Verbatim copy without images: return all of the data as it stands.

SUPPLIED DATA.
<<<<

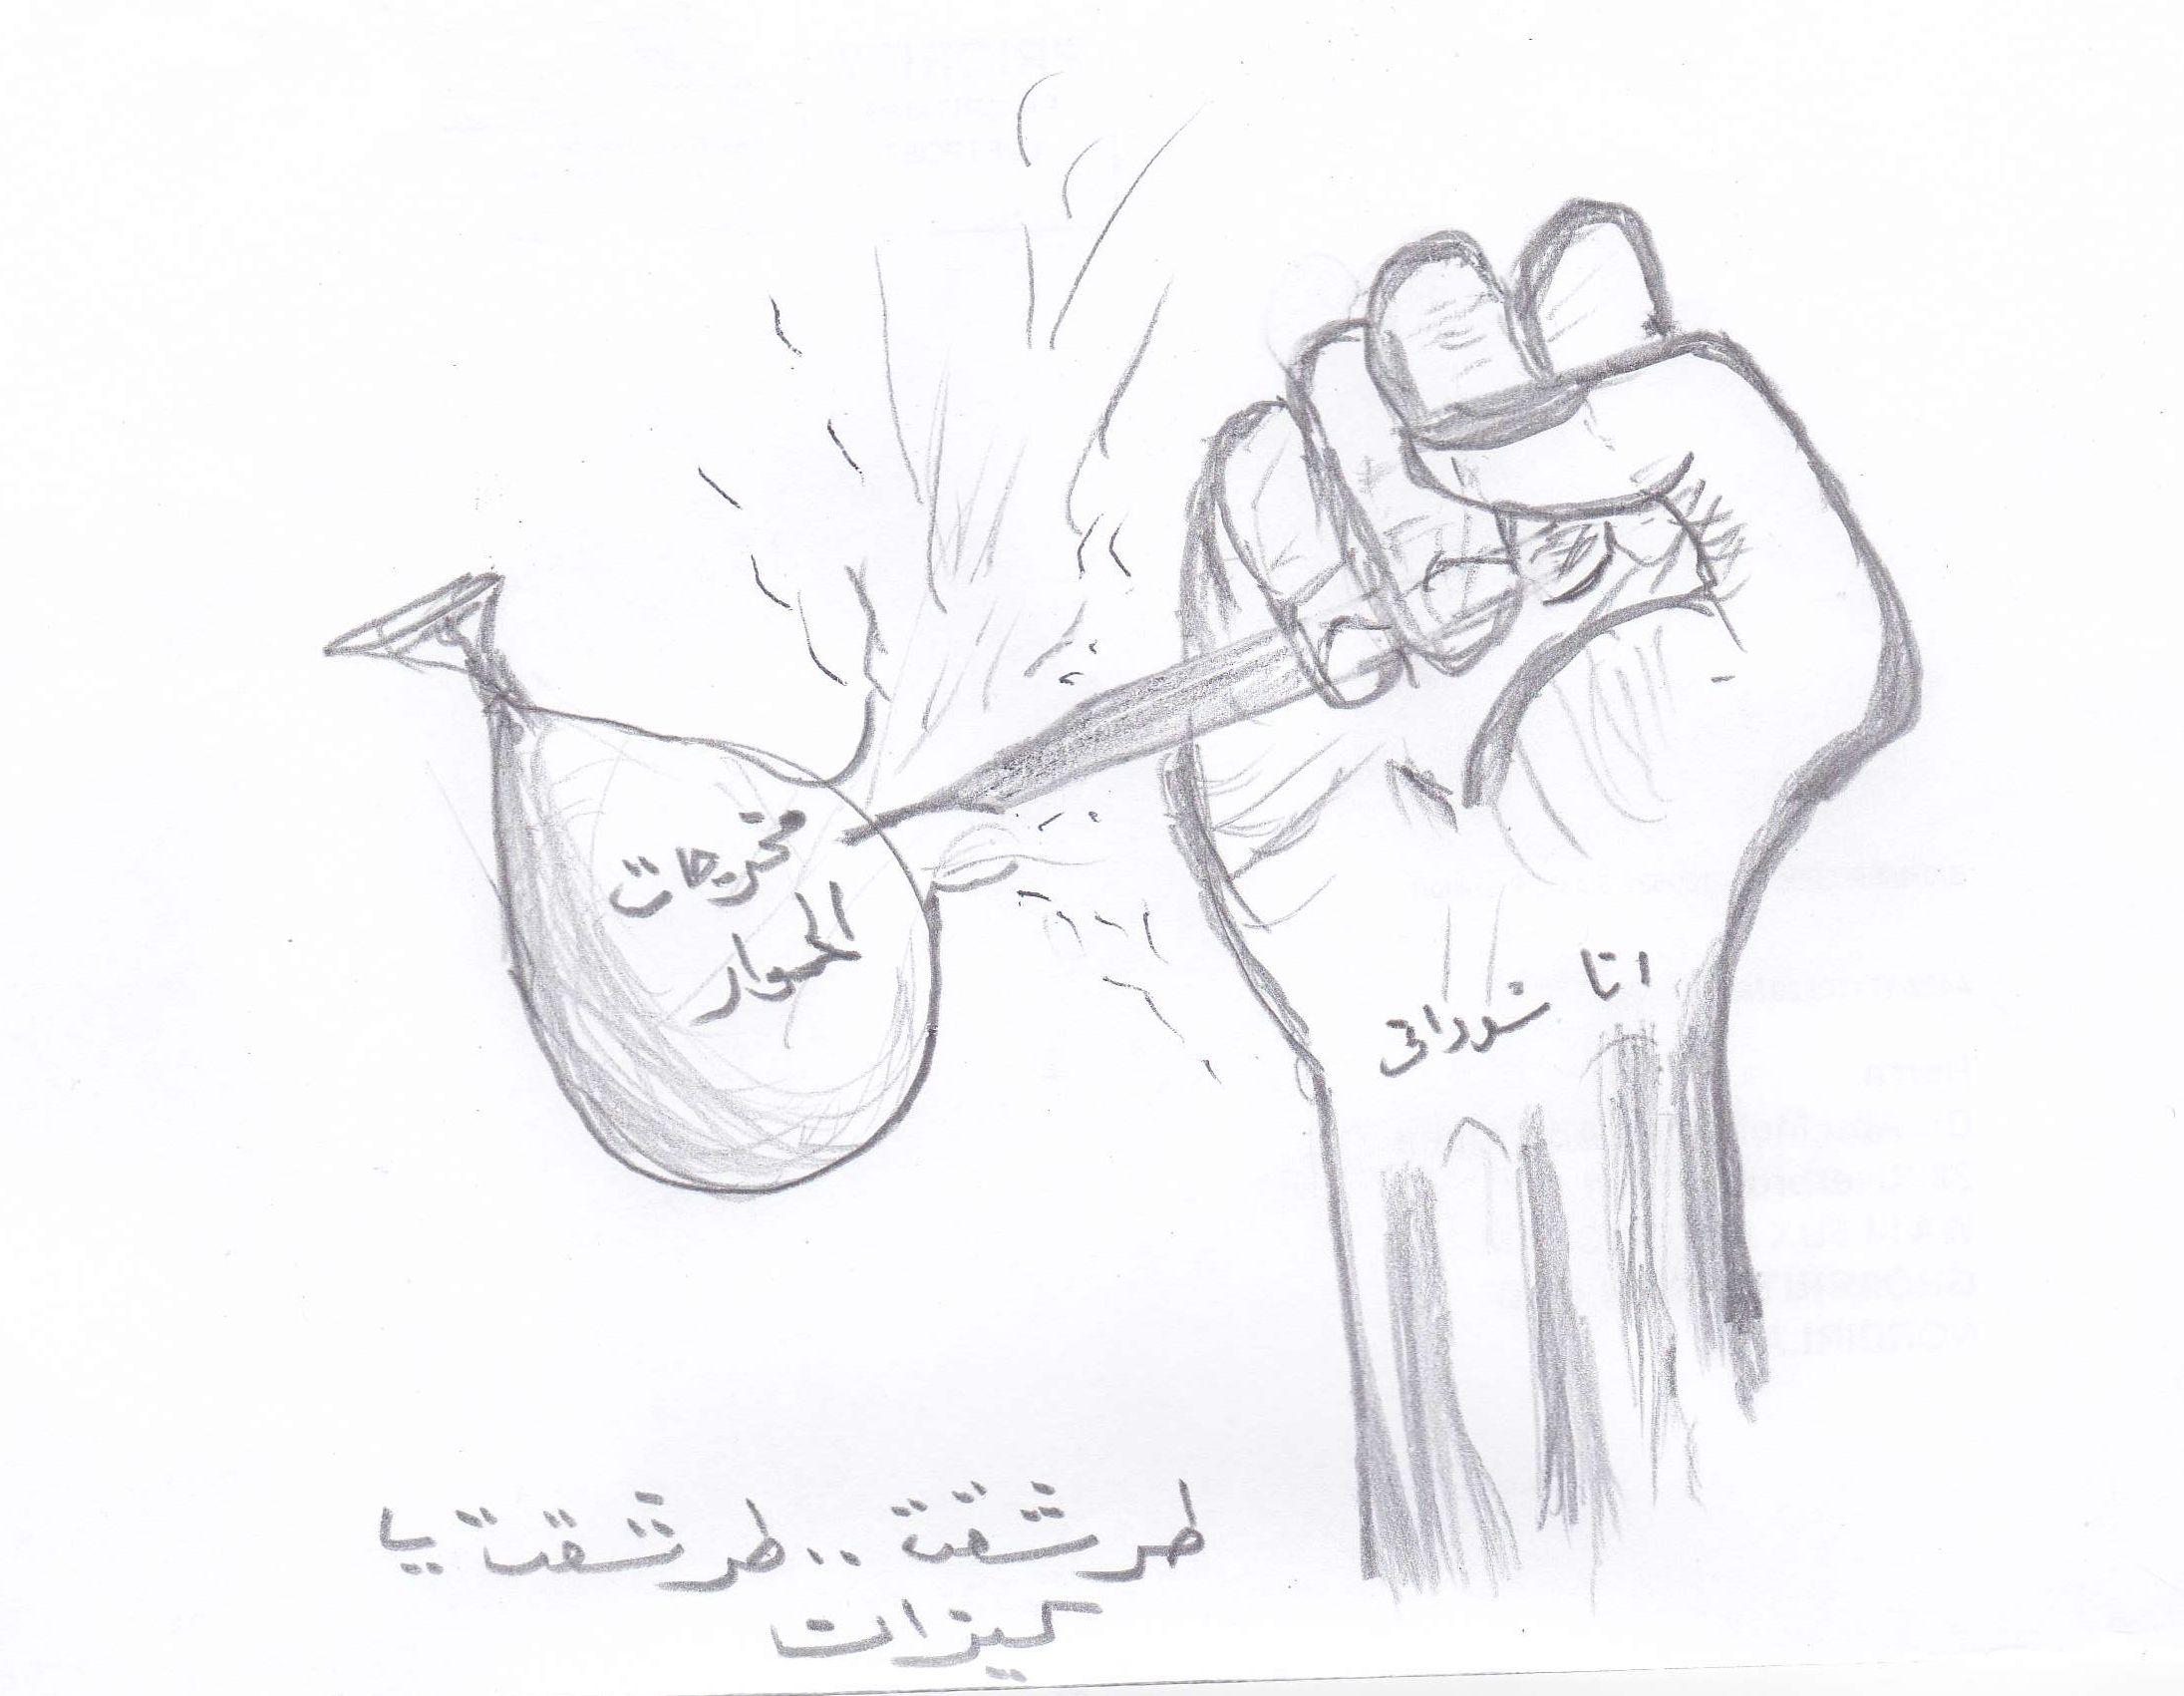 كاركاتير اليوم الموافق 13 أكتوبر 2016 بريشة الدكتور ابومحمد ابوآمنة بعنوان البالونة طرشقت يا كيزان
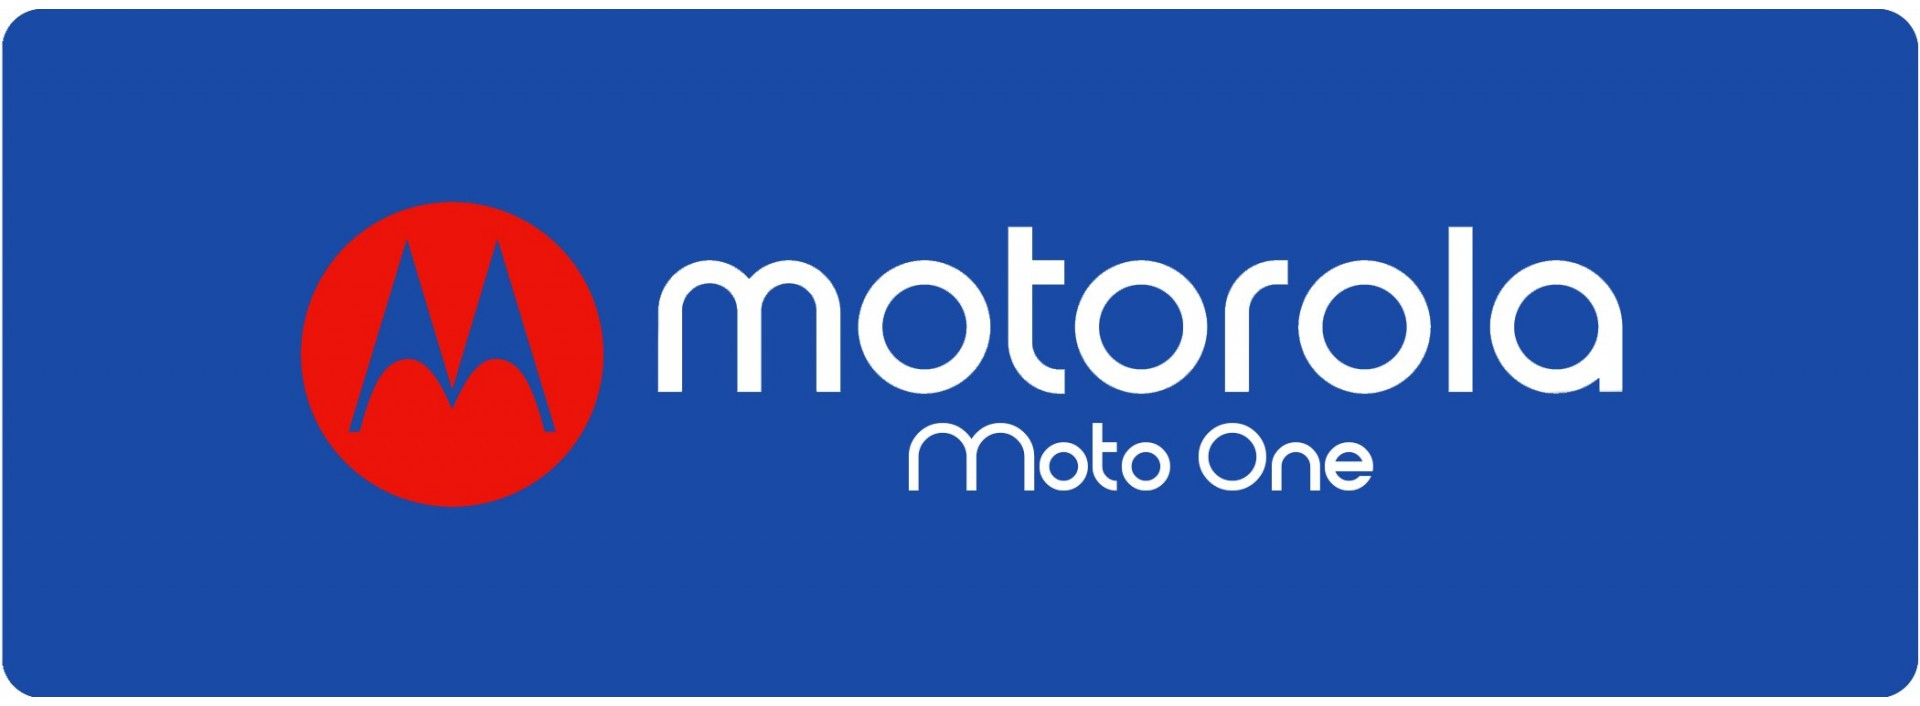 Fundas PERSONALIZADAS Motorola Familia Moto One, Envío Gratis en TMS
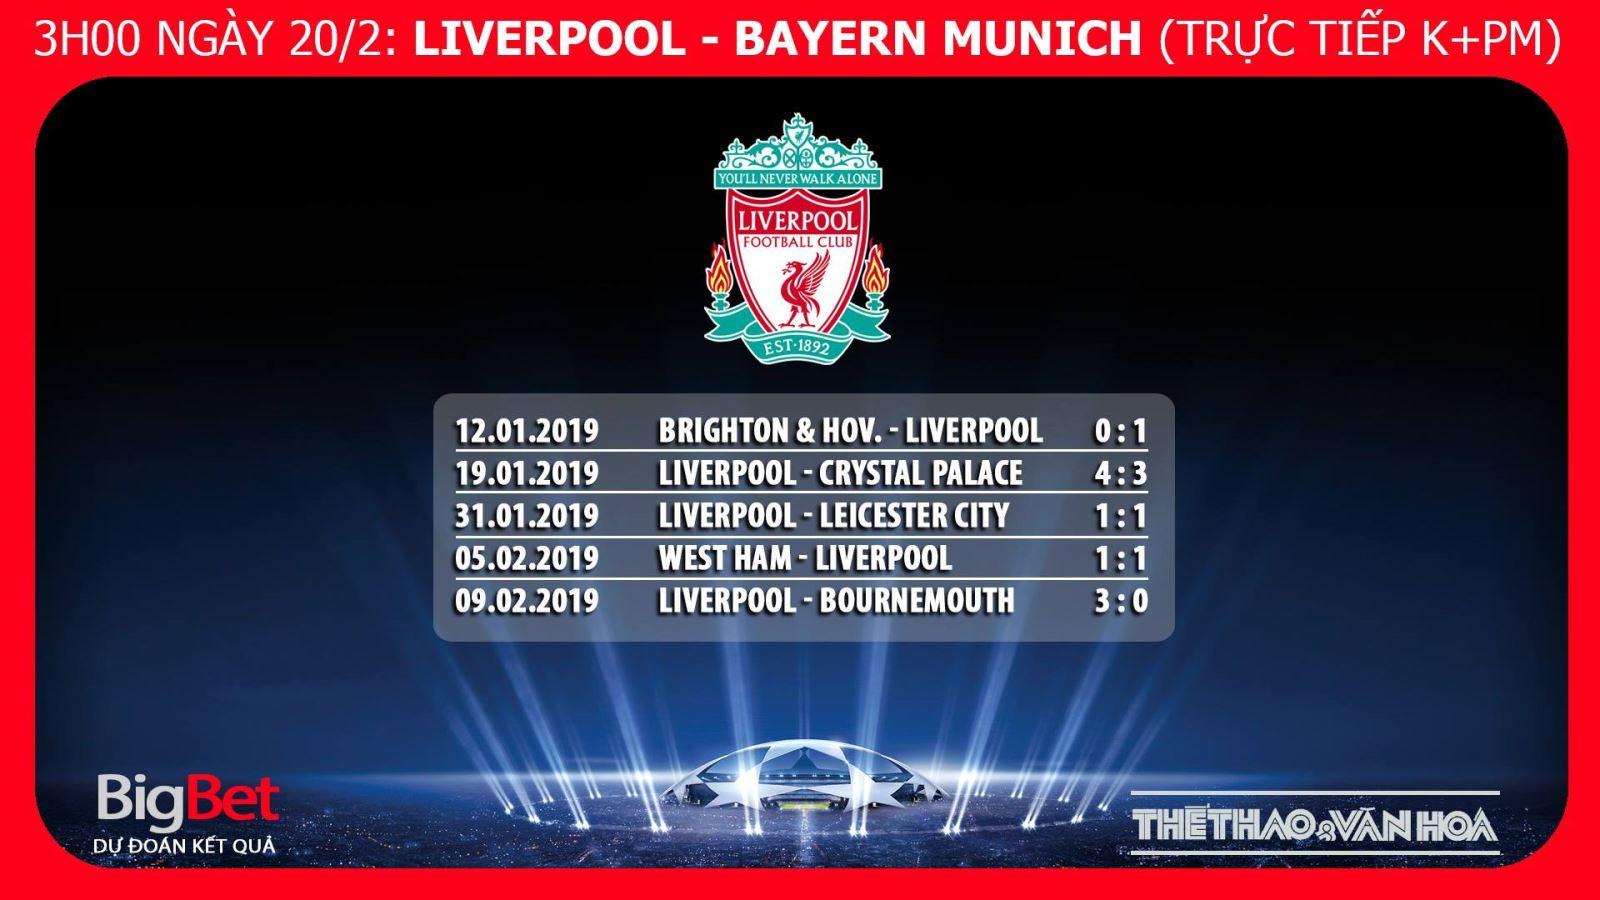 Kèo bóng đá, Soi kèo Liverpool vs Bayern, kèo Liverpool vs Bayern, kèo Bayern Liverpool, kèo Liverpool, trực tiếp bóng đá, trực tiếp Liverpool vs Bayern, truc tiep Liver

>>>>

ANSWER SECTION.
 كاركاتير اليوم الموافق 13 أكتوبر 2016 بريشة الدكتور ابومحمد ابوآمنة بعنوان البالونة طرشقت يا كيزان
 Fundas PERSONALIZADAS Motorola Familia Moto One, Envío Gratis en TMS
 Kèo bóng đá, Soi kèo Liverpool vs Bayern, kèo Liverpool vs Bayern, kèo Bayern Liverpool, kèo Liverpool, trực tiếp bóng đá, trực tiếp Liverpool vs Bayern, truc tiep Liver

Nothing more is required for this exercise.